As for the labor shortage, Wendelken said the military must do a better job of communicating what it needs to suppliers.

“Do they understand my demand pattern? Am I making my demand pattern more predictable so they can keep their workforce gainfully employed, so they don’t go off and look for another job?” he asked.

“I think in the past, we were very transactional. We didn’t really engage with industry,” he said. The service would issue a requirement for something, acquisition personnel would go to industry and get the requirement filled.

“What we have learned by benchmarking world-class organizations is that we really weren’t very good customers,” he said. Part of the solution is to have candid and open conversations with key suppliers.

The Navy now regularly engages with its top 50 suppliers to let them know what the service might need in the future, he said.

The service is working on its Naval Sustainment System-Supply program, a multi-year plan that kicked off in 2020 to streamline and take control of the service’s supply chain, Wendelken said. That campaign is “making good progress,” he said.

Meanwhile, Lockheed Martin has some 8,600 suppliers, Lilly said.

The company has accelerated payments every week to them since April 2020 — an average of about $430 million a week — to ensure those companies remained stable.

“We tried to make sure that we target that cash to the right places,” she said.

Like the Navy, many of these small- or medium-sized businesses are single source suppliers, she added.

Maxwell said the Defense Department needs to have visibility into the supply chain.

The “supply web is only effective if you’re actually able to see what’s on it, where it’s at and what options you have to move and maneuver,” he said.

The “resilient, integrated logistics command and control concept” calls for the Pentagon to have better insight into the supply chain.
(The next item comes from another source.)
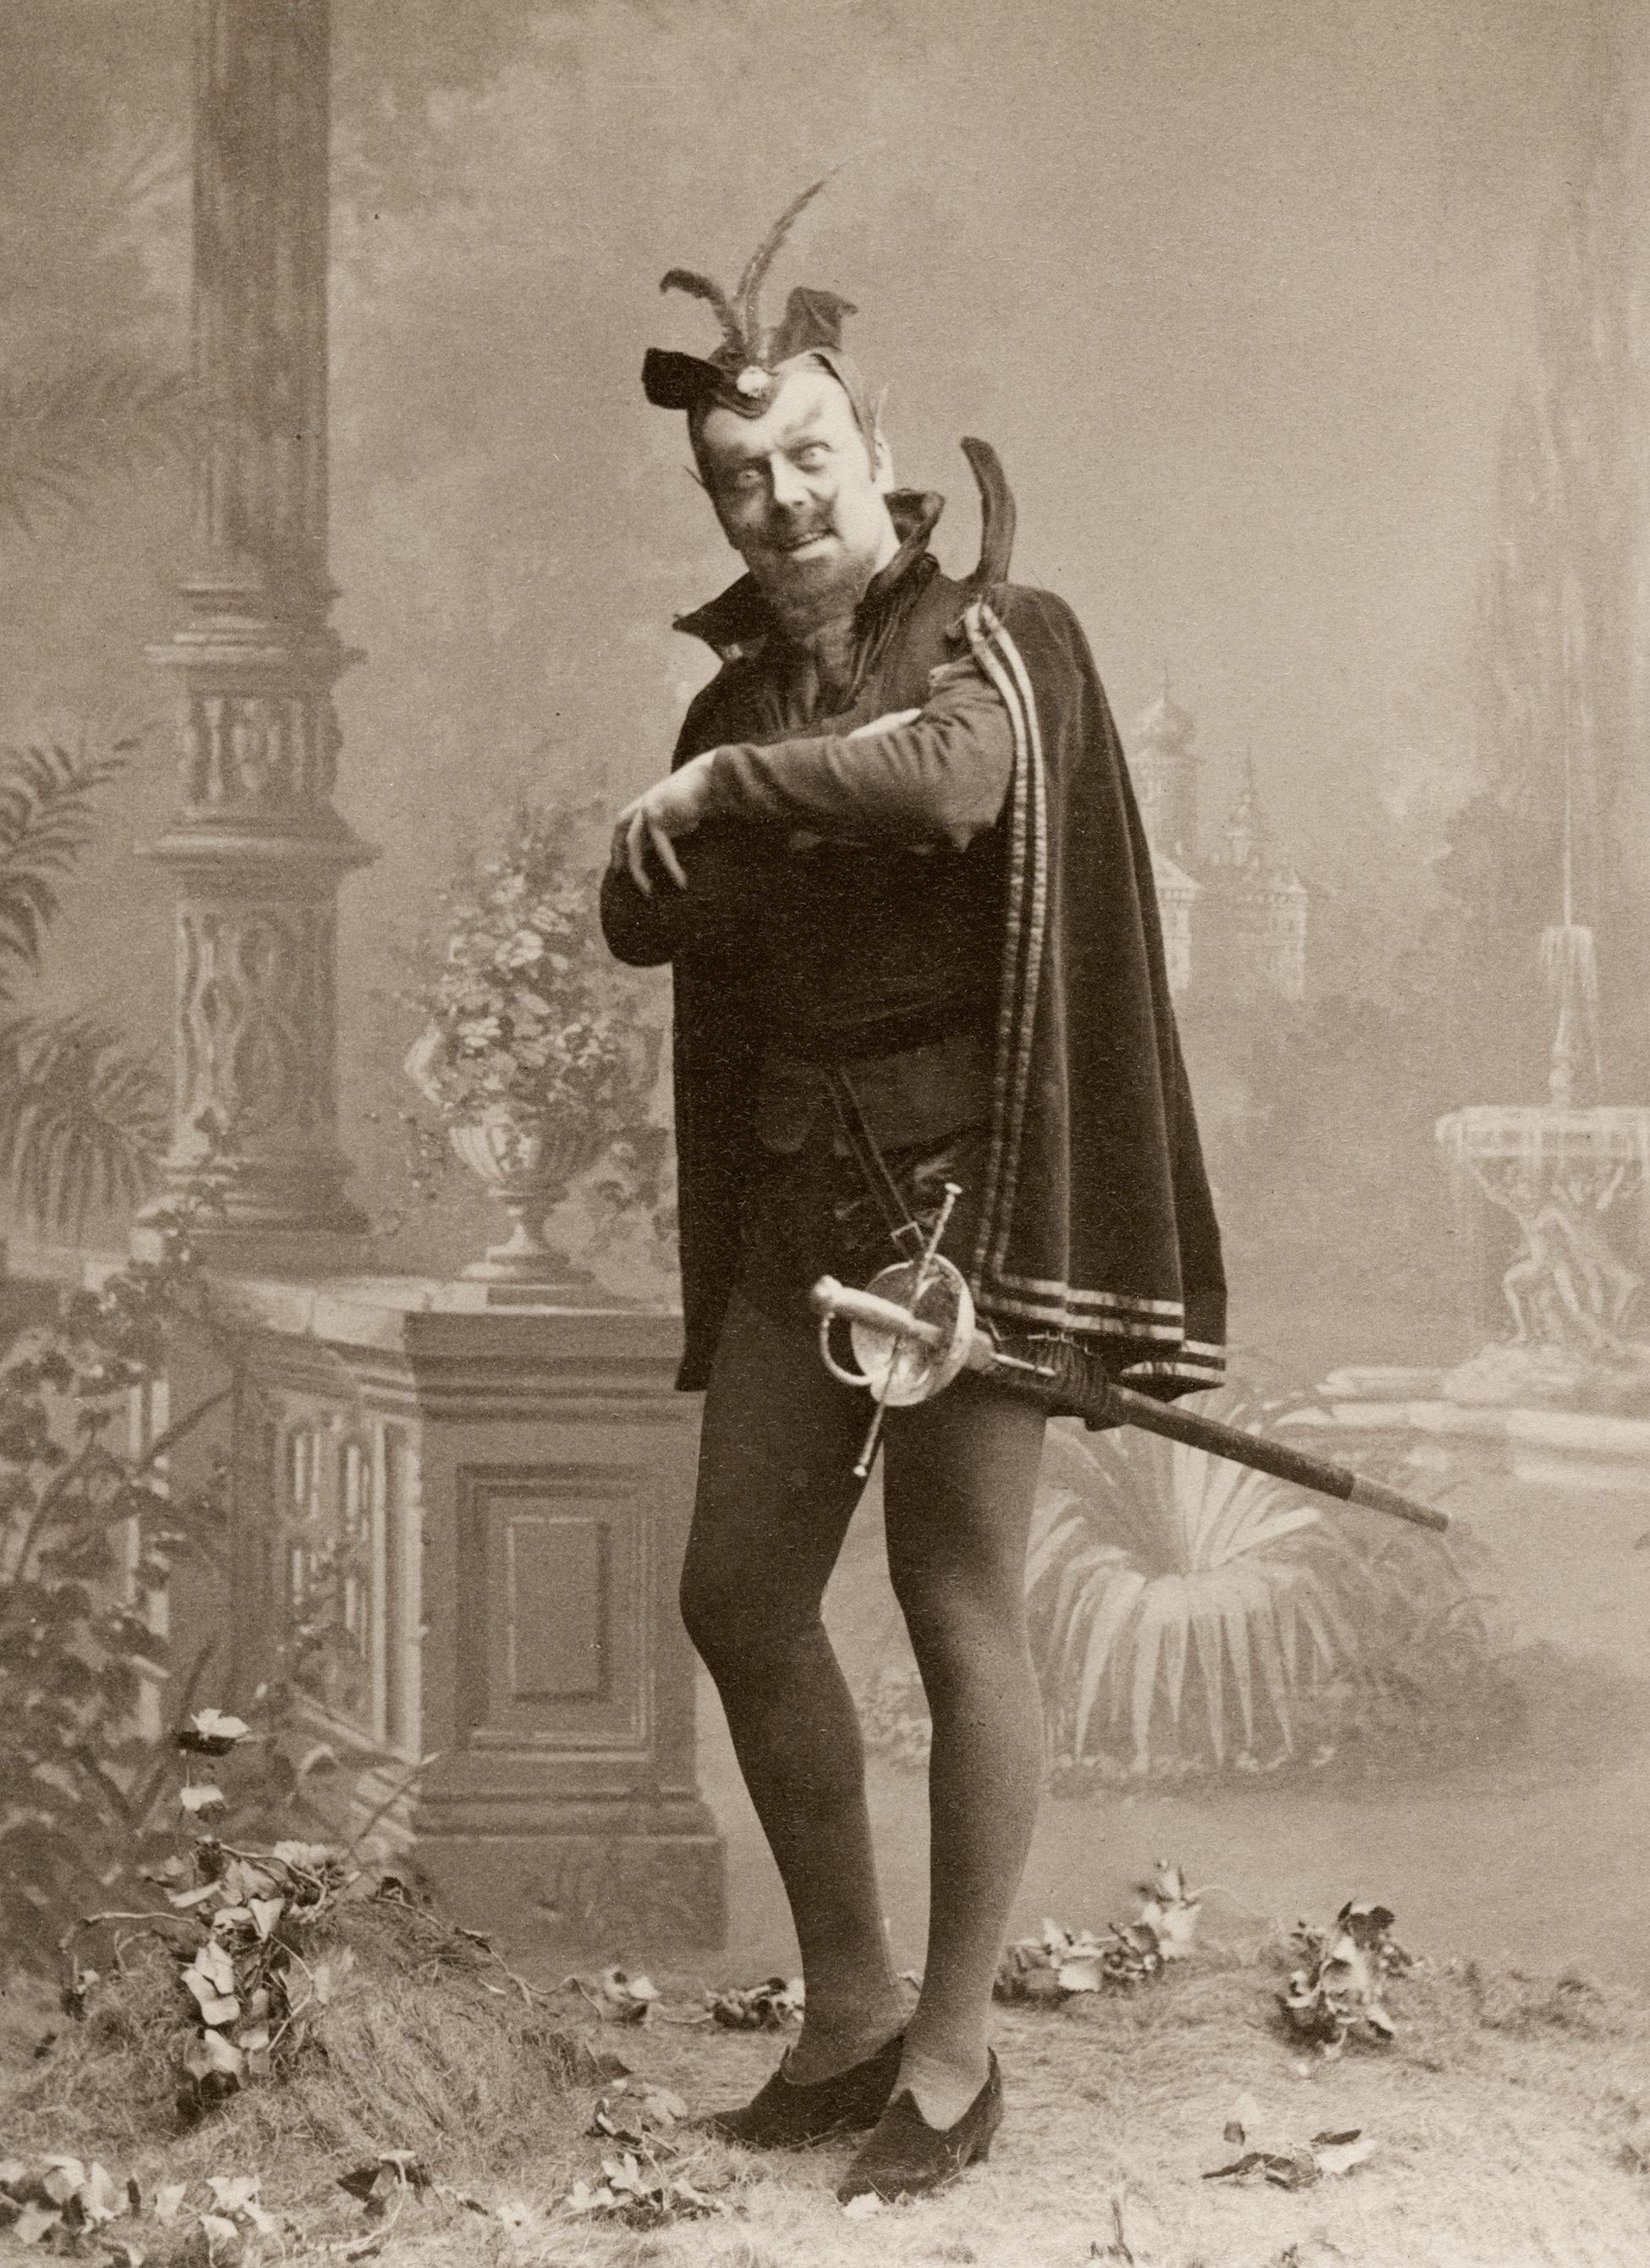 Der schwedische Sänger Carl Söderman als Mefistofele, 188
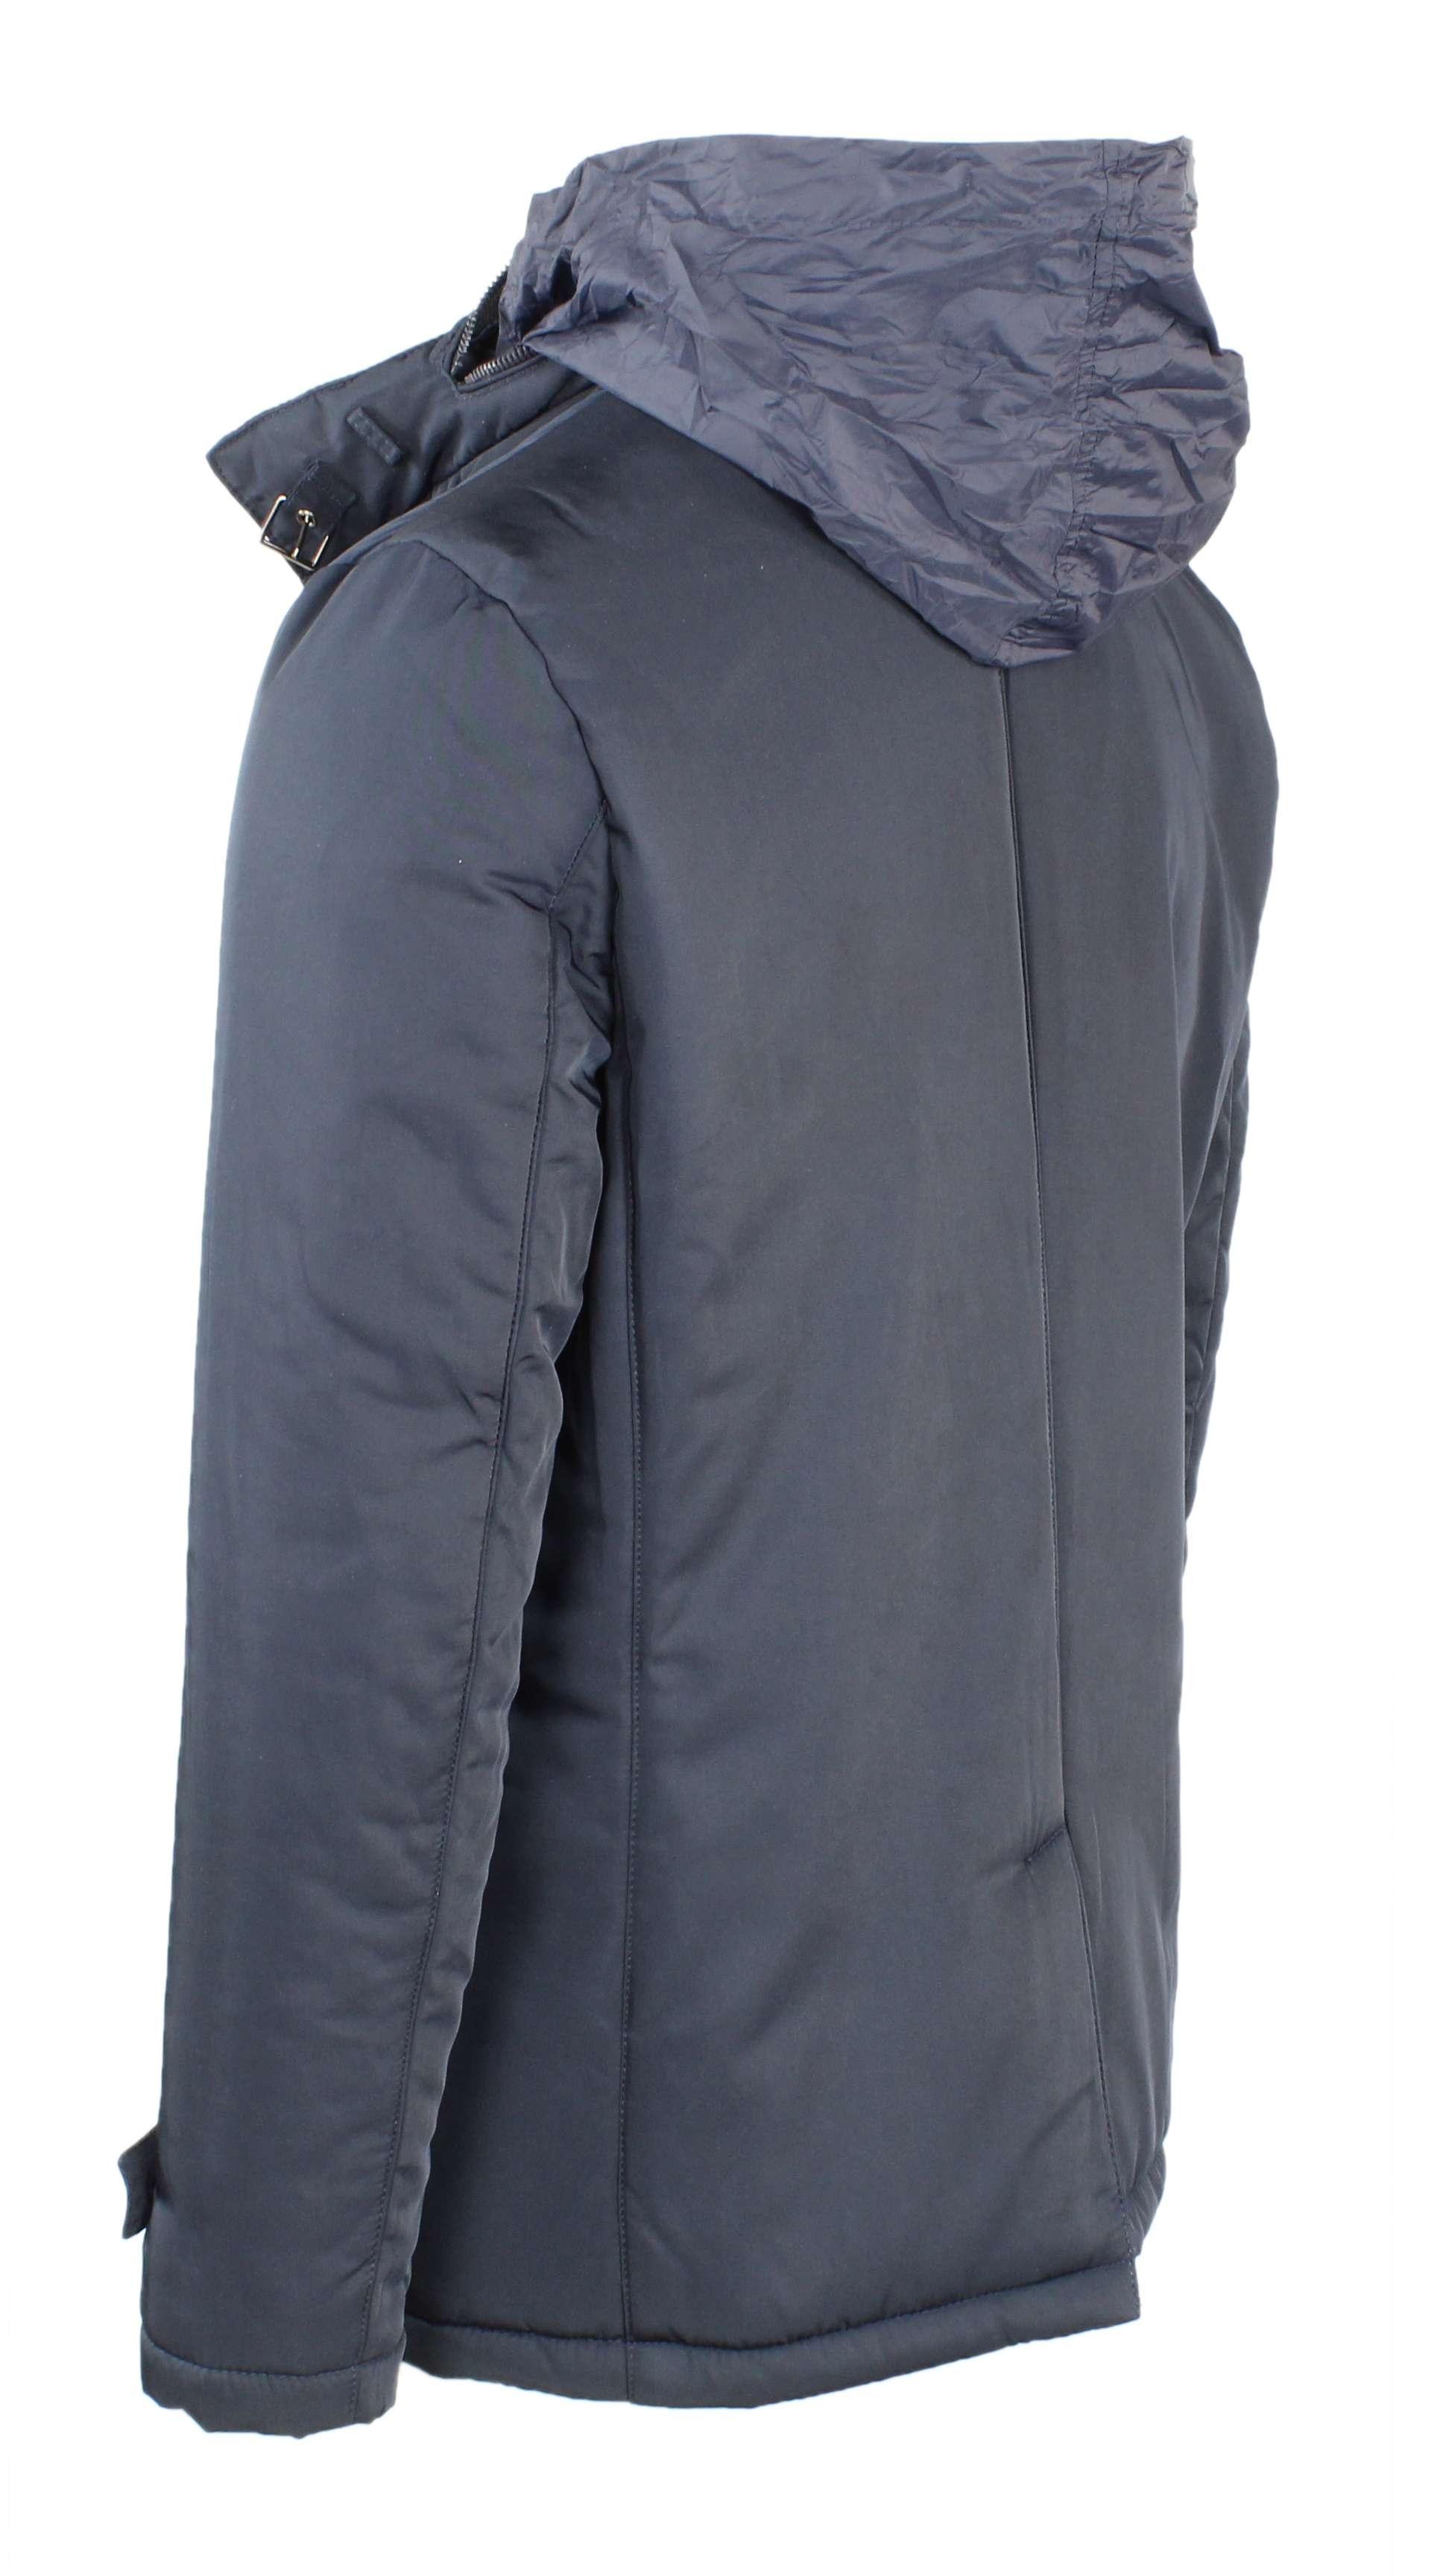 Giubbotto-Uomo-Invernale-Giaccone-Elegante-Giubbino-Sartoriale-Blu-Nero-Cappotto miniatura 7

If an item is taken out of a node, logisticians can understand where they can find alternative sources, or alternative methods of delivery if needed, he said.

Cybersecurity must also be part of supply chain resiliency as logistical information travels through both commercial and protected military networks and must be protected, he added.

Mercogliano said a massive cyberattack on the supply chain could be devasting and brings up a more dire scenario: What if someone tries to disrupt supply chains on purpose?

Maxwell responded that “we are living in a contested logistics environment today,” citing all the myriad problems mentioned.

However, it calls into question: “What real capacity can we bring to bear in a contested environment where you have an adversary that is also trying to disrupt what you’re doing?" he asked.

“It’s requiring us to start thinking about the ability to be able to distribute and deliver in faster and smaller force packages than what we’ve traditionally thought about and traditionally done,” Maxwell said.

Wendelken added: “We don’t have the luxury of 20 years to get this all squared away and corrected, so I think our continued engagement with industry is critical.”

Mercogliano said, “Every time we try to get a handle on [the supply chain issue] — and we think we’re coming back down from it — the next black swan event hits us,” he said.

“There is obviously a flock of these black swans because they just keep hitting one after the other,” he added.